President Barack Obama and House Speaker Paul Ryan haven’t had a face-to-face meeting in more than two-and-a-half years. And despite Ryan’s election this week and Obama’s congratulatory call to him in advance of the vote, there still isn’t one scheduled.
But the two already have a good sense of each other — and beside John Boehner, Ryan's probably the House Republican Obama's spent the most time with. And if Obama had to pick a House Republican to be speaker, people who know the president say he’d probably have voted for Ryan himself. There isn’t a close runner-up.
Looking ahead to what the dynamic between them will be now, aides to the president and new speaker point to their collaboration on getting trade fast-track through Congress last summer as a model.
People in both offices note that the two leaders helped produce a bill with bipartisan support and tea-party opposition that the president eagerly signed. They’re a lot less eager to talk about what happened behind-the-scenes to get there: significant collaboration between the president's staff in the West Wing and Ryan's staff on the Ways and Means Committee, along with several direct phone calls the White House still won’t confirm between Obama and Ryan. Those calls were in part vote counting, in part strategizing about how to avoid looking like they were working together — even though they were.

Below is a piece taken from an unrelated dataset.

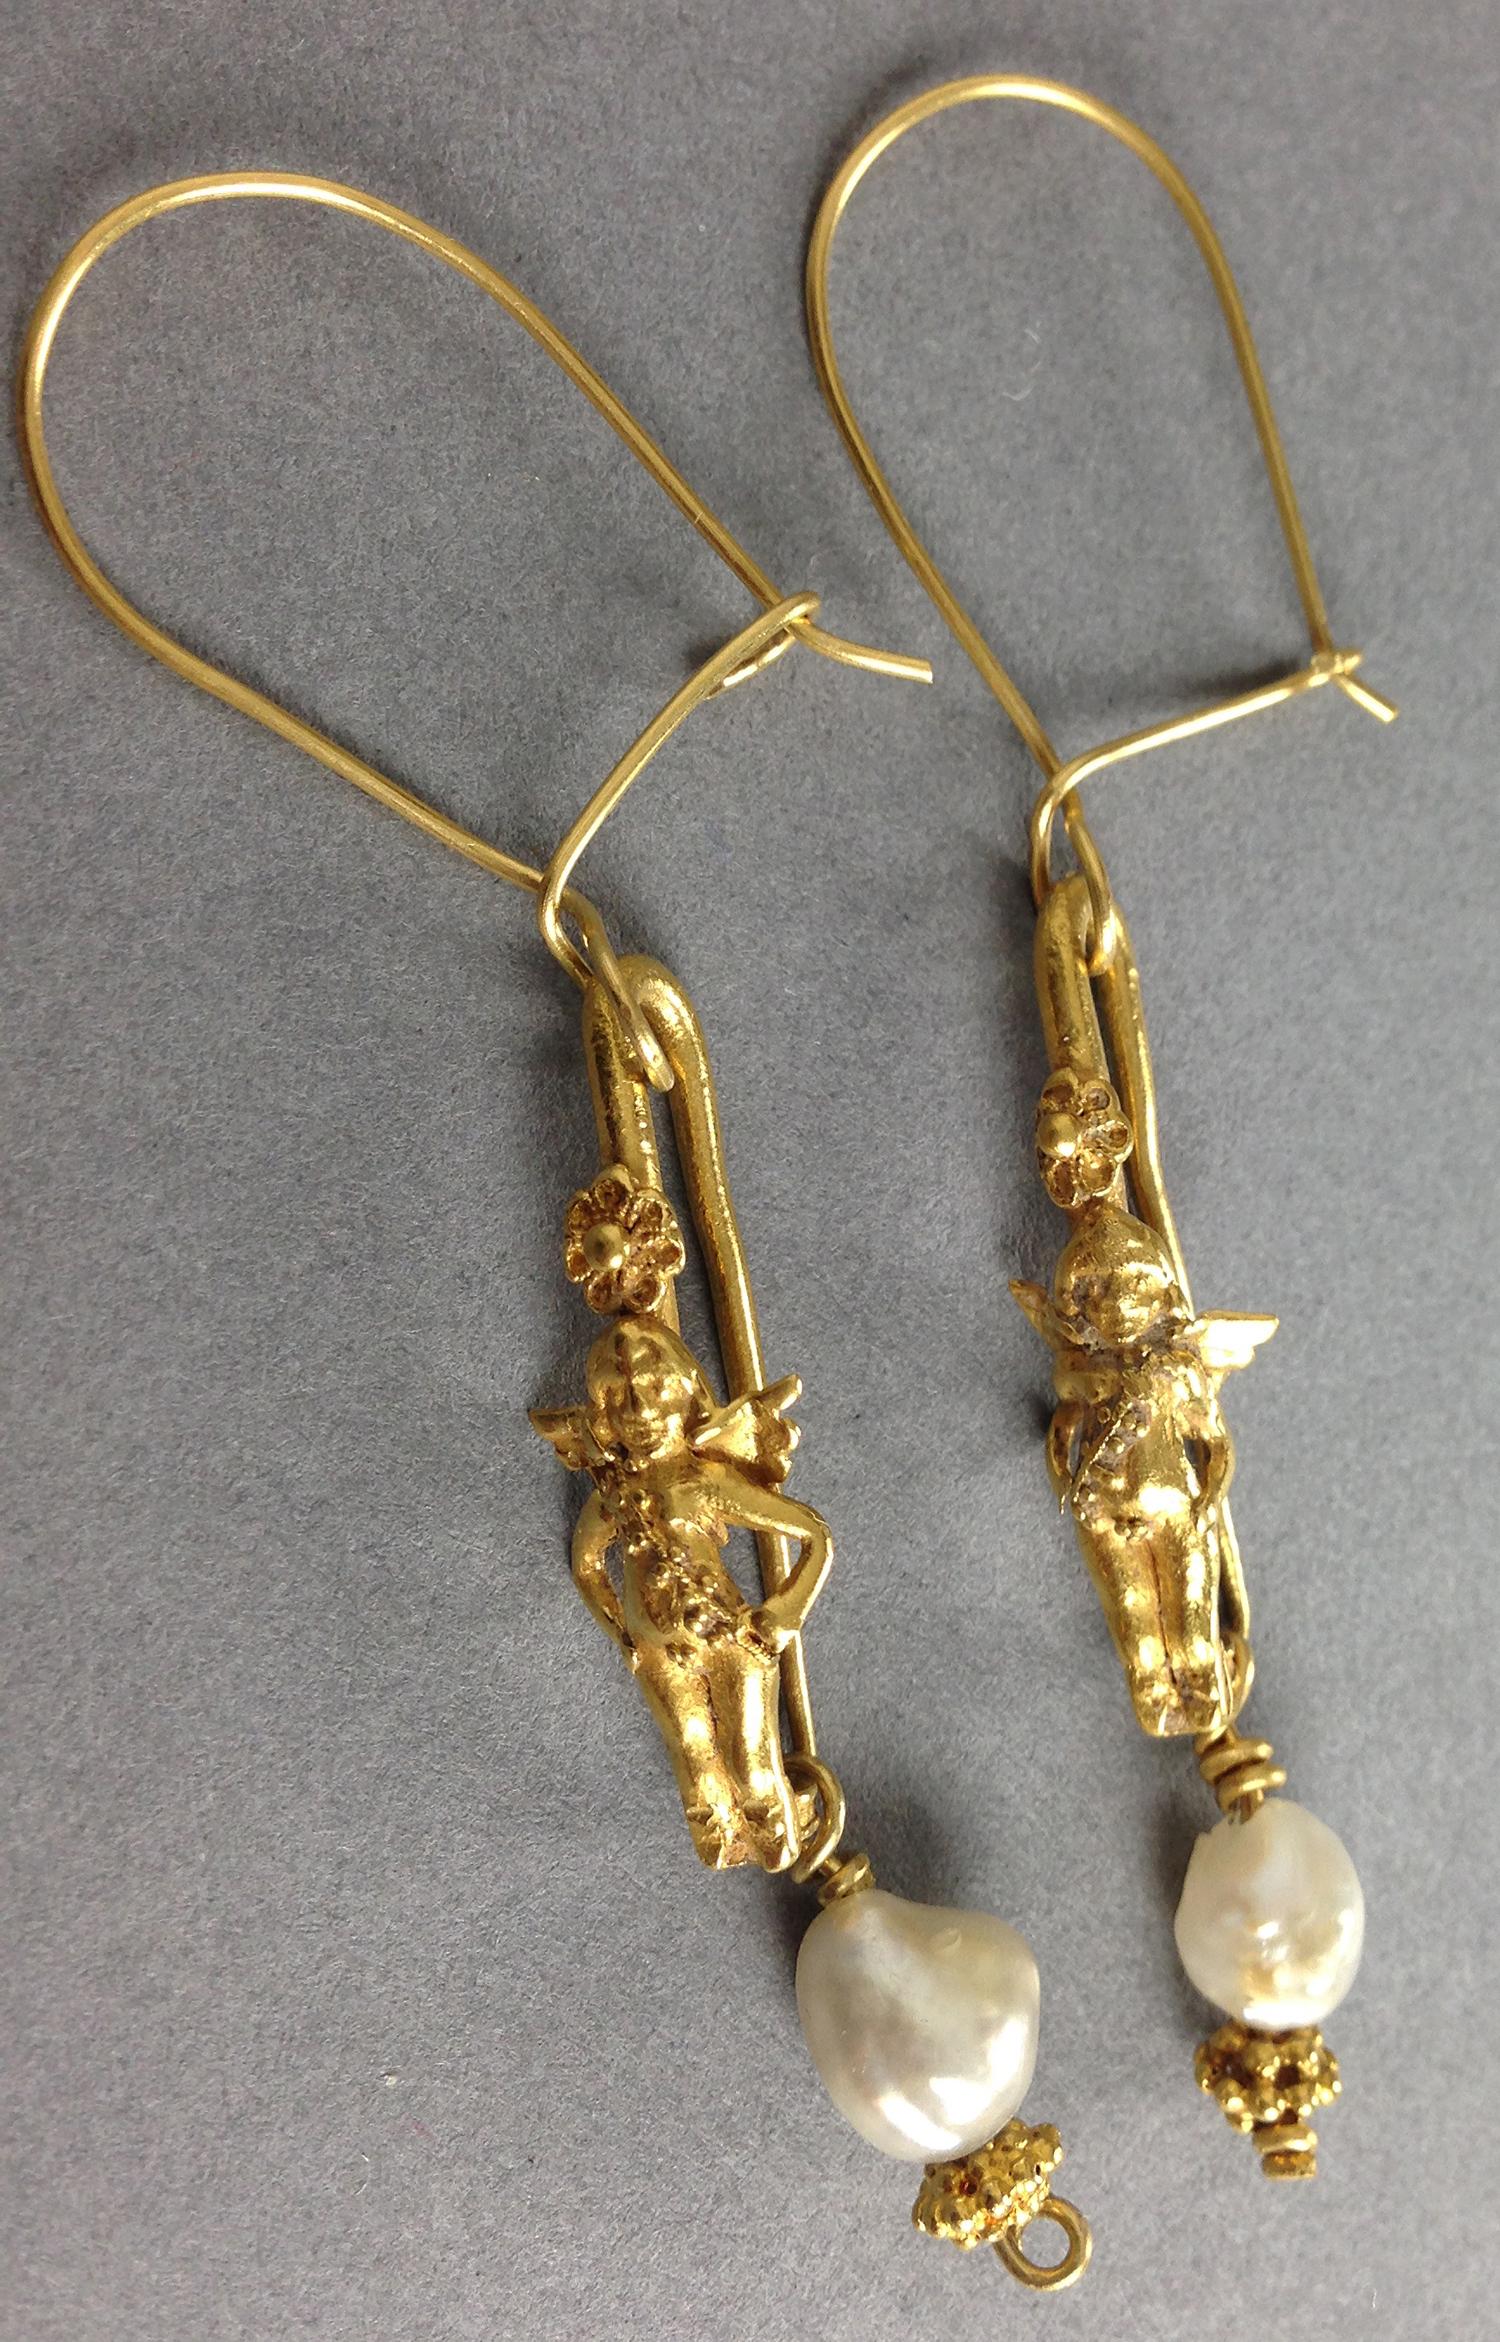 Hixenbaugh Ancient Art Presents A Collection Of Ancient
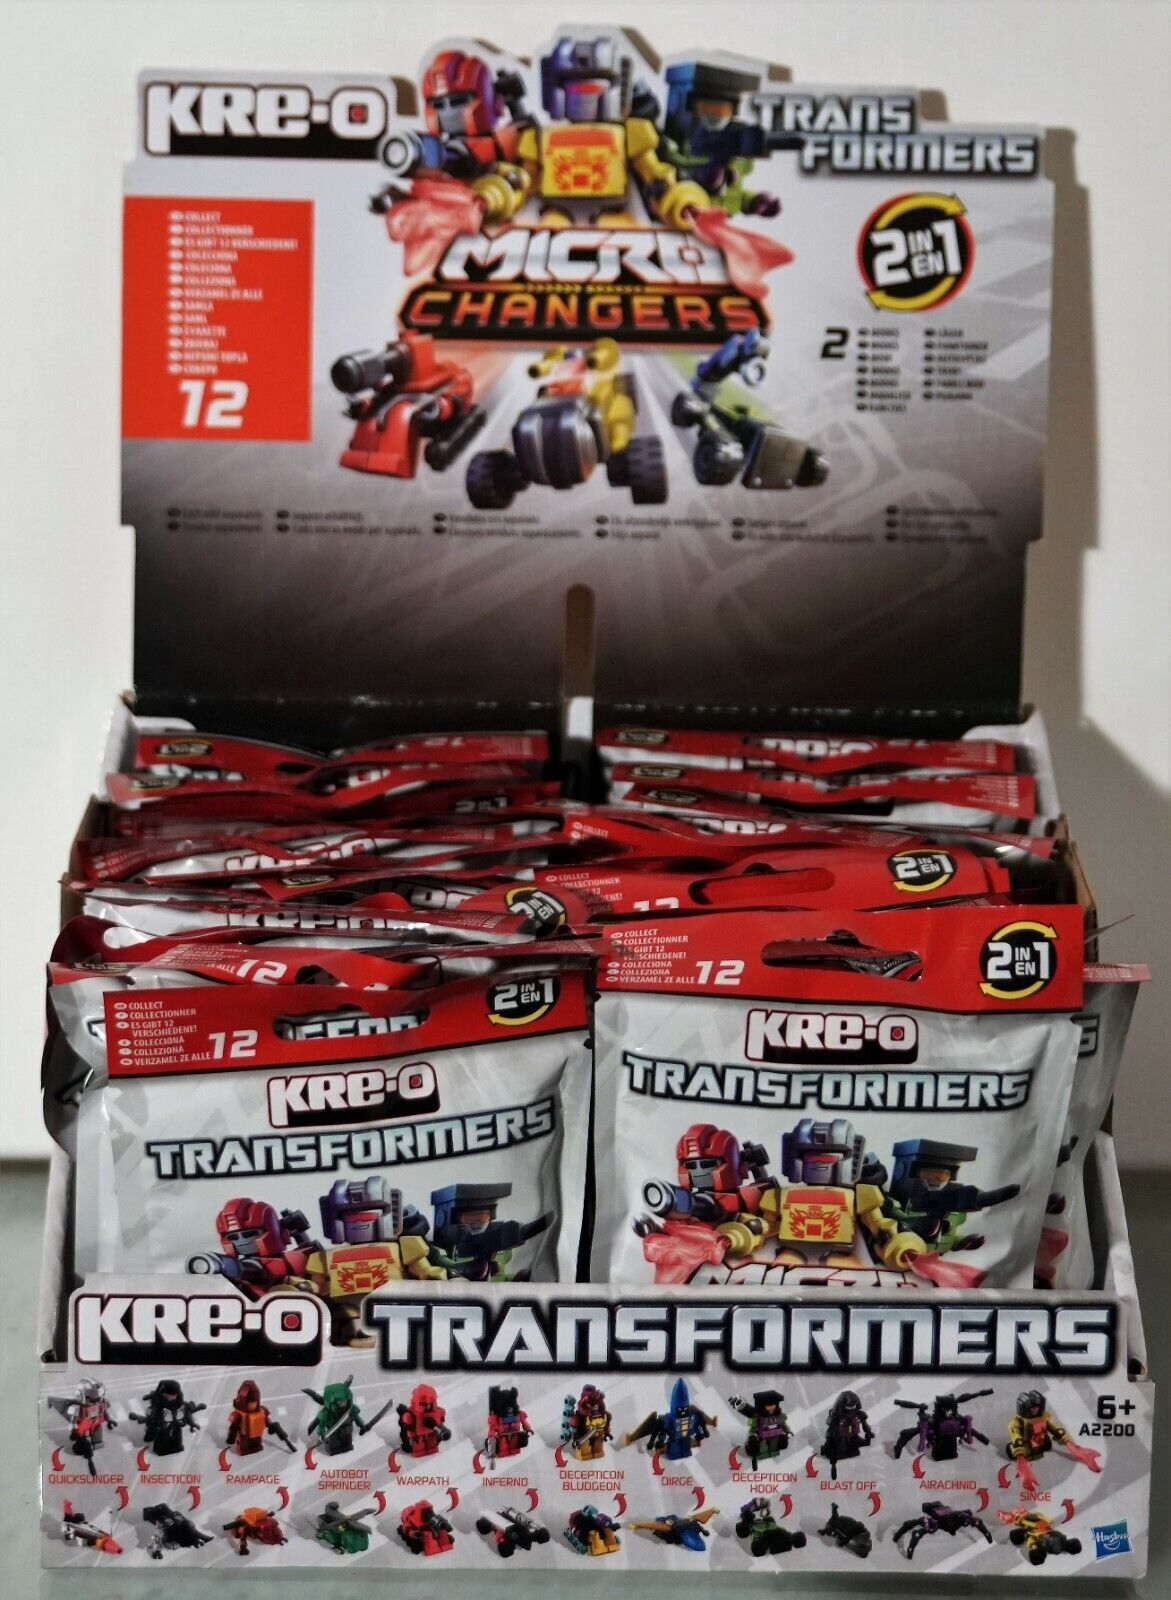 KRE-O Transformers-Beast Micro Changers Blind Bag Set 1 Satz Set = 12 Fig. Kreo

Facing each other now as Ryan's setting the tone for his speakership and Obama's looking to wrap up his presidency is the latest stage in a long relationship between the two self-styled wonks. It began with a lovefest on stage when Obama visited the House GOP retreat before the 2010 midterms. It took a dive after Ryan's selection as Mitt Romney's running mate in 2012 — proof to West Wingers at the time that they'd been silly to think he'd ever sacrifice his brand to work with them. And it's been on a slow track back since.
The latest reset began with Obama inviting Ryan for lunch at the White House in March 2013, only to be waved off more contact by legislative aides at the time who said bringing Ryan in would just anger congressional leadership from both parties, according to an administration aide. So it wasn't until the Ryan-Murray budget in 2013, in the wake of the shutdown, that the reconciliation got serious.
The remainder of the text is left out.